## Dataset section
============

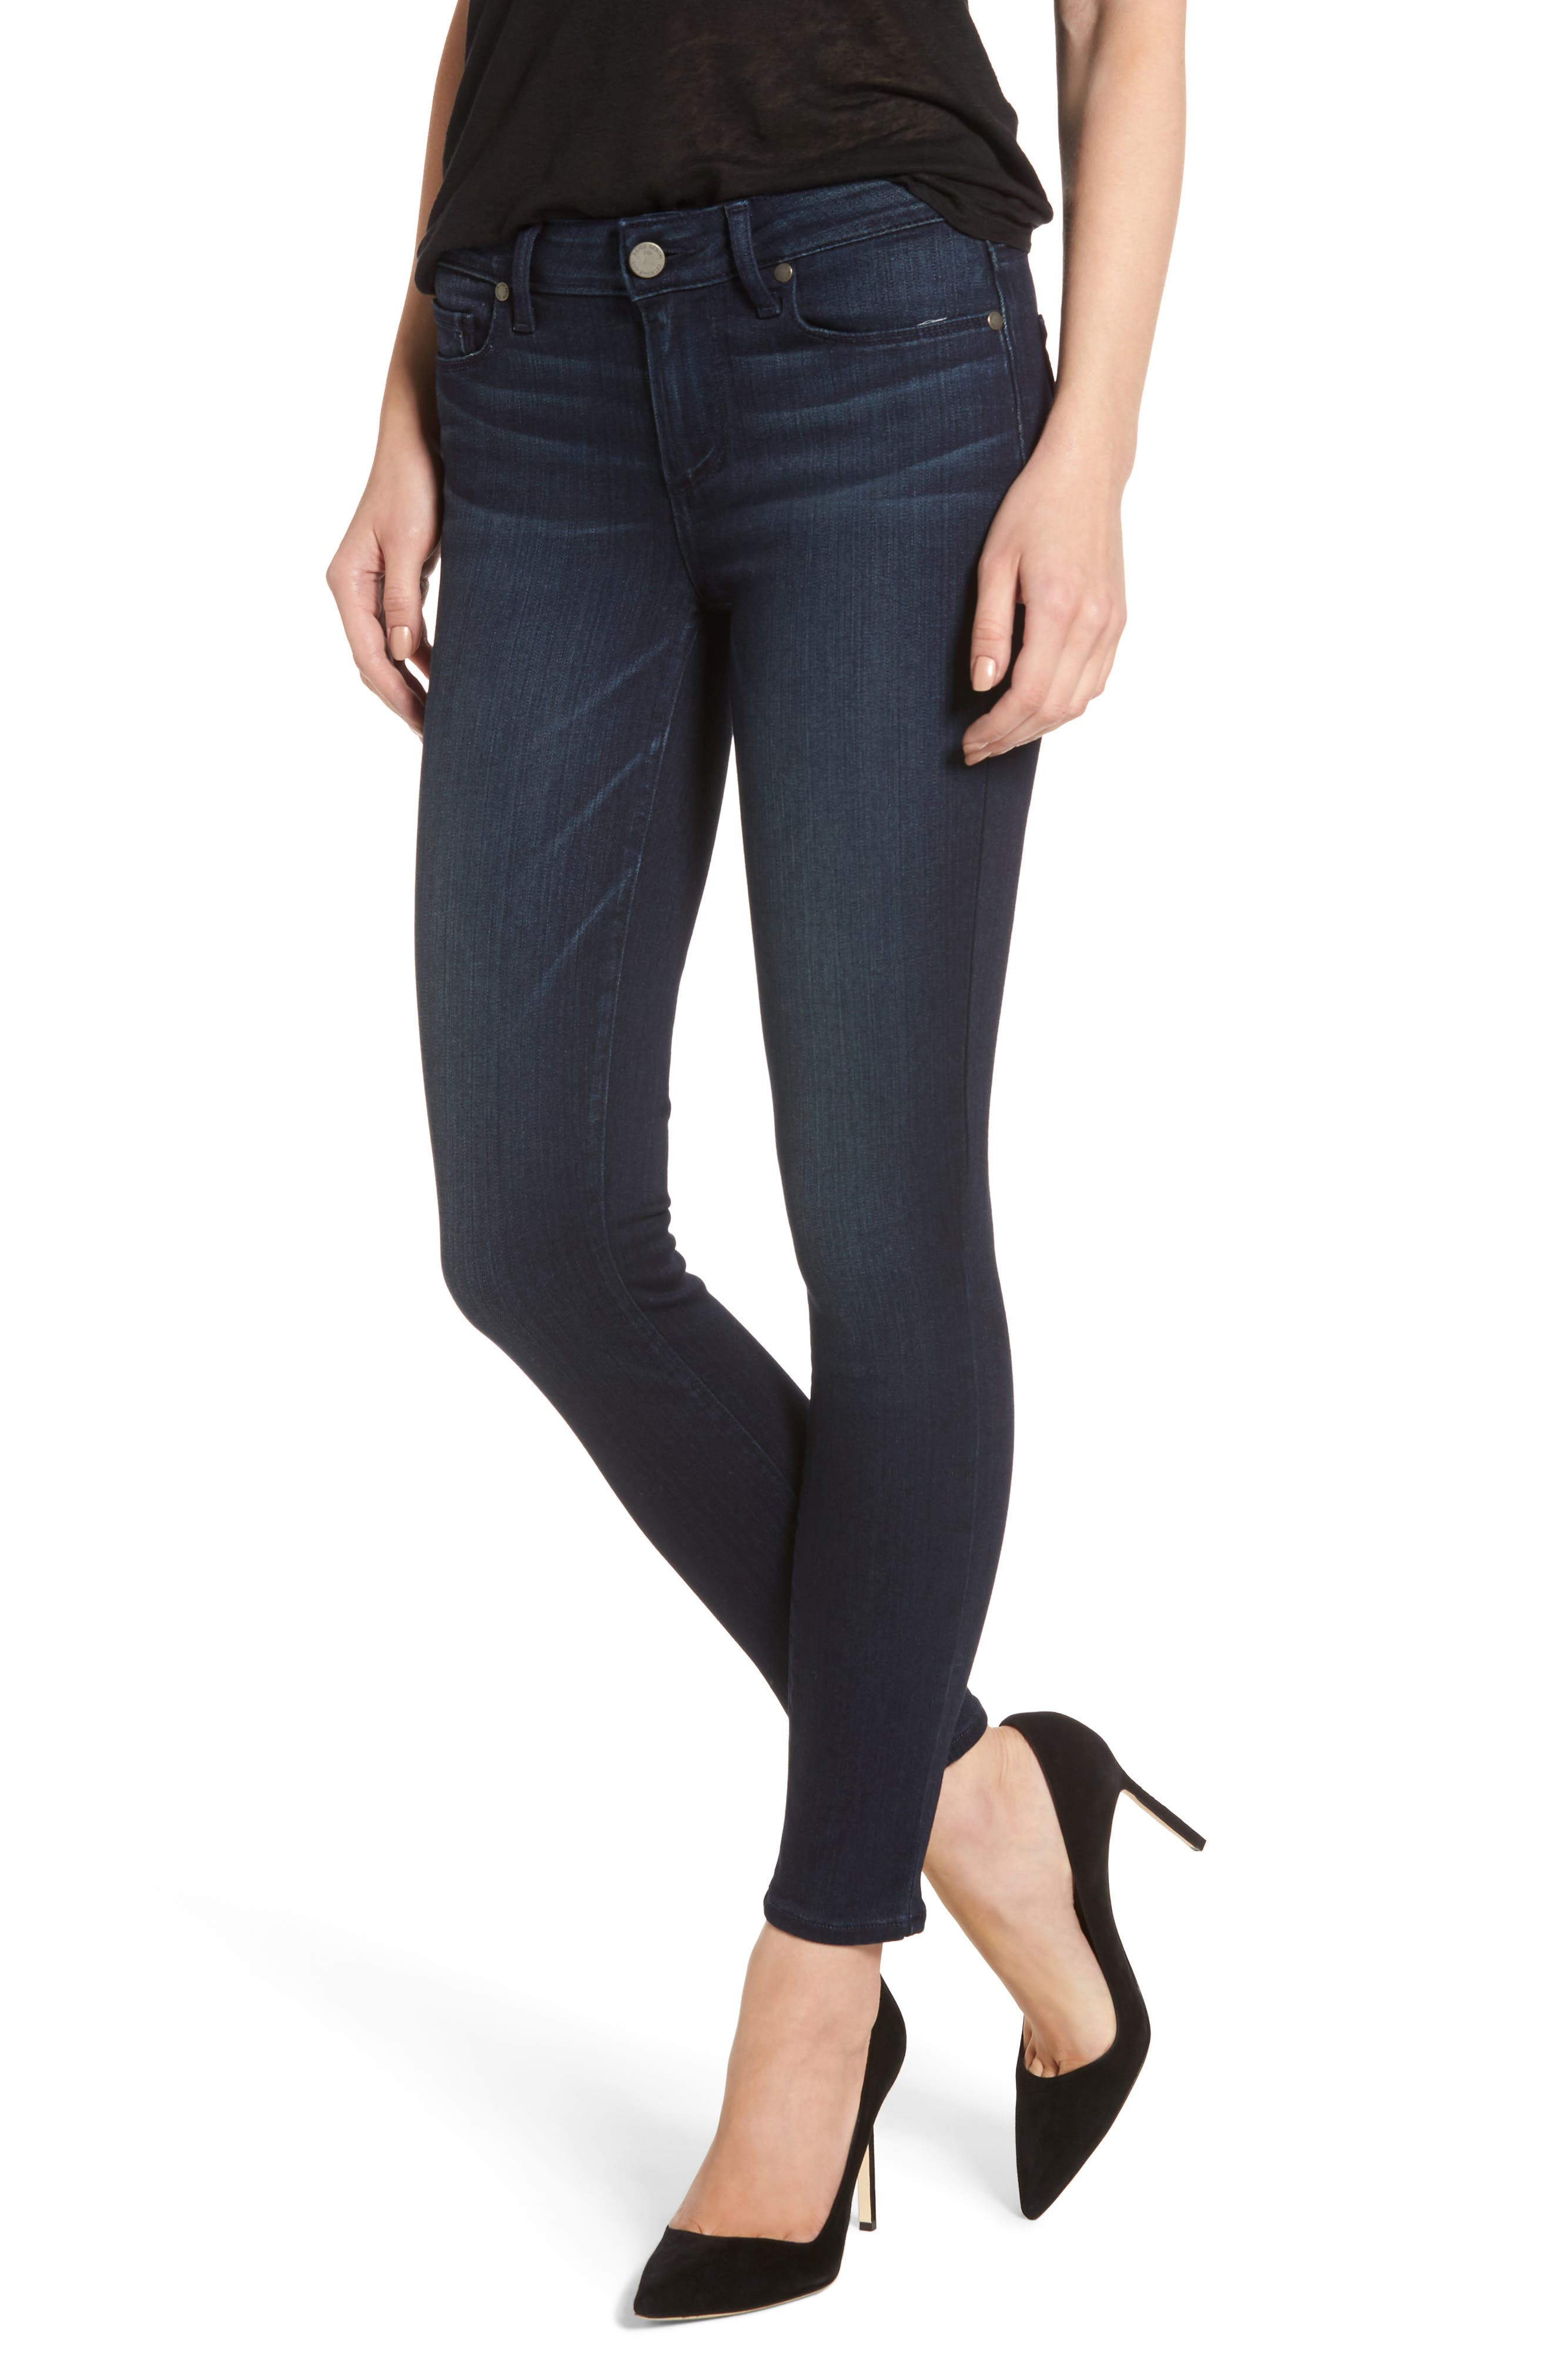 Transcend - Verdugo Ankle Skinny Jeans,                             Main thumbnail 1, color,                             Midlake
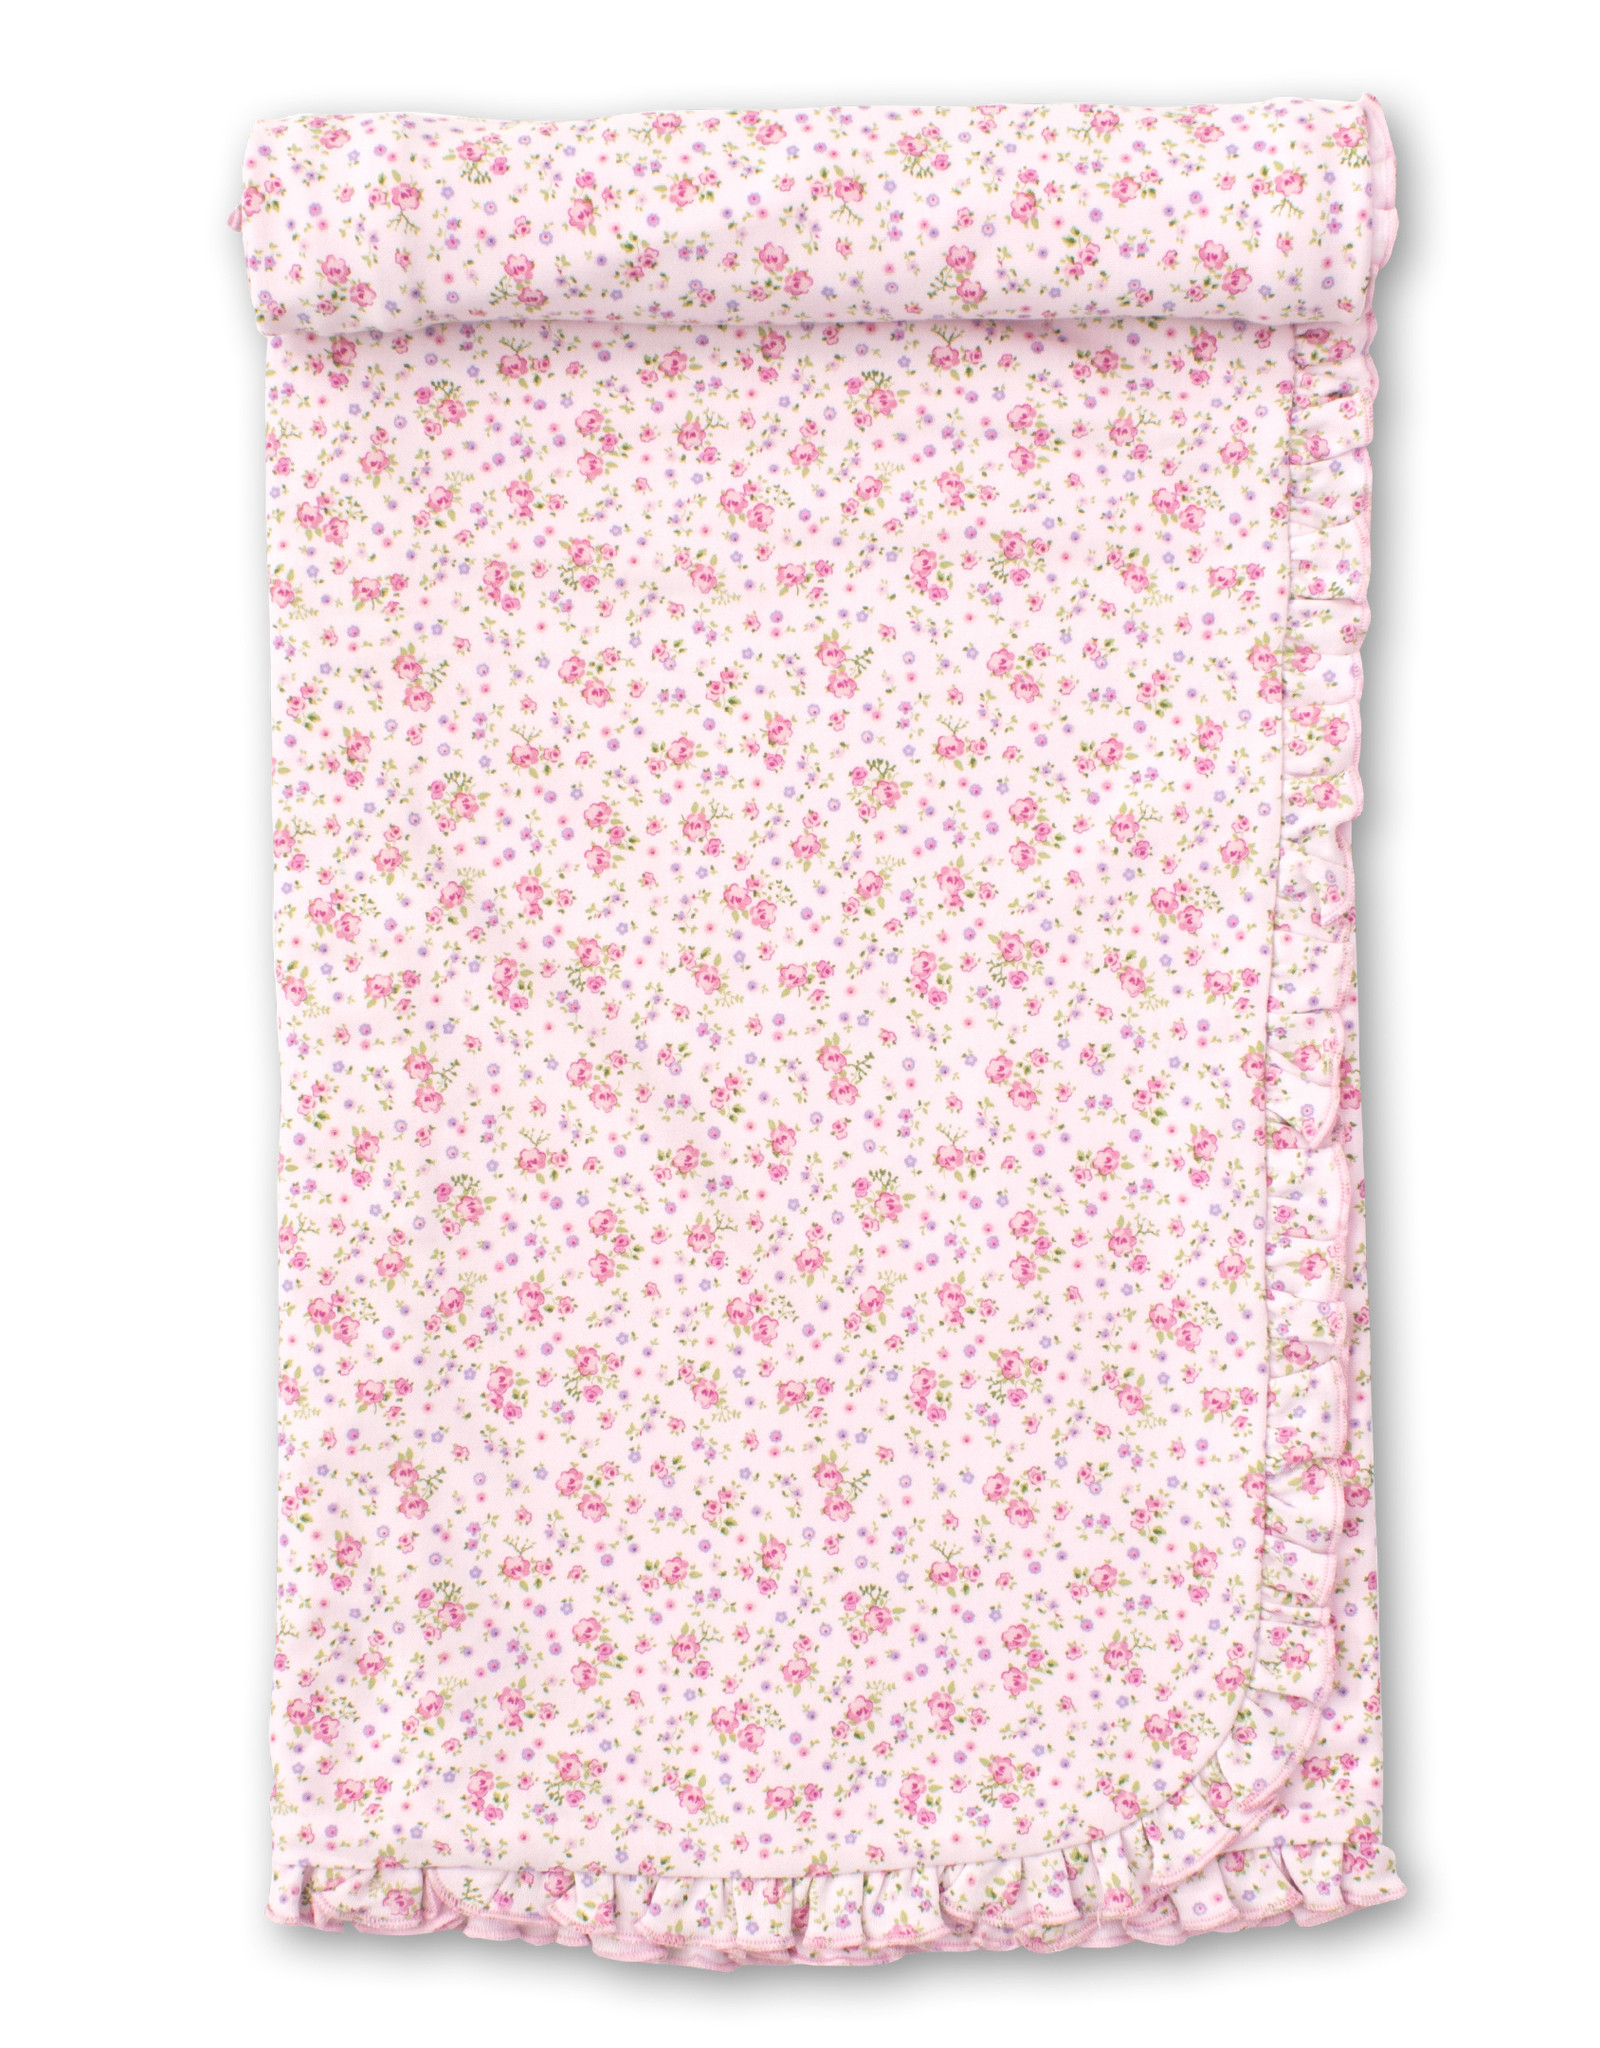 KissyKissy Blanket Dusty Rose Print Kissy Kissy KG704099O
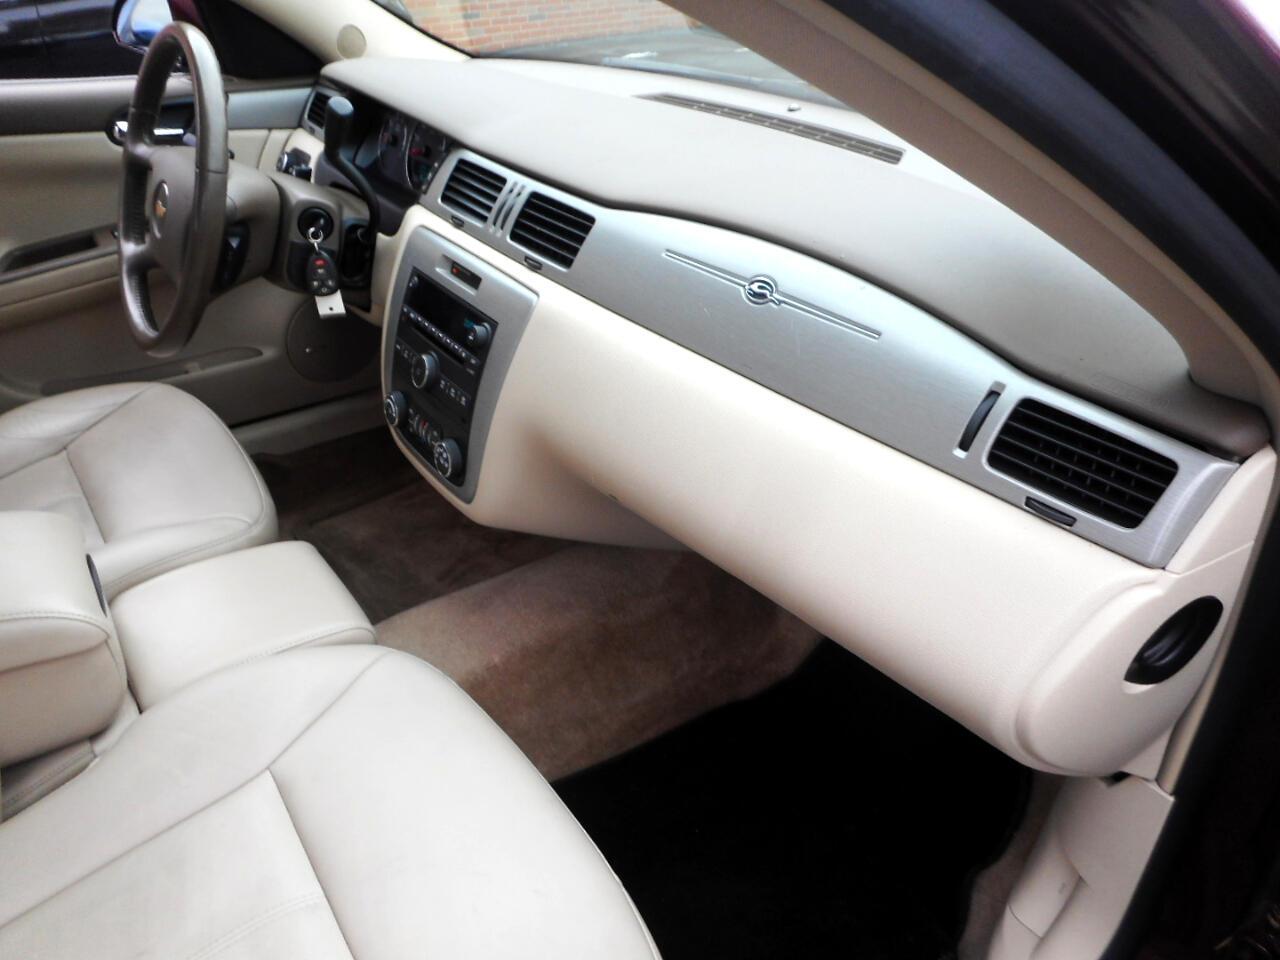 2007 Chevrolet Impala LT3 3.9L

============

## Exercise instructions
The copy must start at the line containing "KissyKissy Blanket Dusty" and end at the last line of the data, matching each line exactly. It must hold no pictures.

## Solution below
 KissyKissy Blanket Dusty Rose Print Kissy Kissy KG704099O
 2007 Chevrolet Impala LT3 3.9L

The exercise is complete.